On Tuesday I went up to York to meet with someone from Access to Work UK. This is the Government body that finances equipment that disabled people need to get to work and hold down a job. Its mostly computer equipment and the services of a paid seeing helper these days. In the meeting, I took the first steps towards getting the Access to Work staff to begin thinking about Thunder in the employment situation. There is a long way to go.

Today, some good people from the British Computer Society came to make with us a short video of how Thunder works. The aim is to introduce seeing volunteers to how they get started when helping a blind person at home. Seeing people just look, get the mouse pointer in the right place on the screen and click. We have to recall lots of keystrokes and rely greatly on our imagination and memory. The lass who came is doing a PhD around the topic of how and if a disabled person at home can manage their own computer learning and how much support is essential.

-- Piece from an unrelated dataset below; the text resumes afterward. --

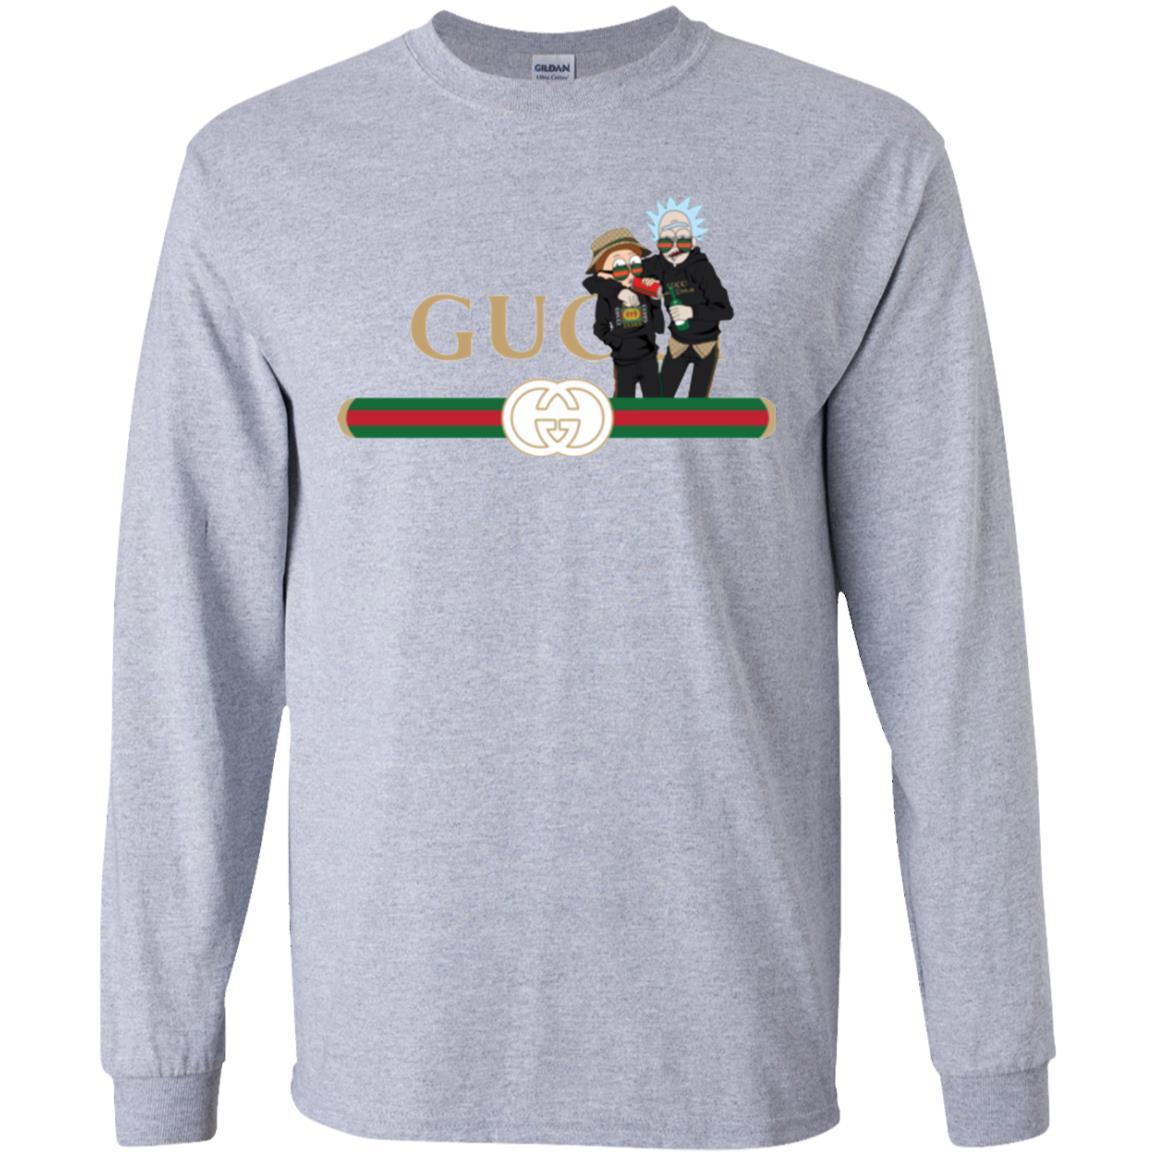 image 217px Rick and Morty Gucci Mashup T shirts, Hoodies, Tank

Hopefully, we will put up the video on this website when its edited.

I am a trustee of a charity called The blind Business Association and we have just commissioned a report on what we should be doing and where we should go next. So I have been reading this report so that I am ready to chair the crucial meeting next week. Only a fifth of blind people of working age have a job and working for yourself is sometimes the only way forward. Margaret and I have worked from home here since 1992 and we love it. Being able to make your own decisions and mistakes is great and we have not gone bust yet. Its uplifting to be independent and not beholden to others. But we are not millionaires.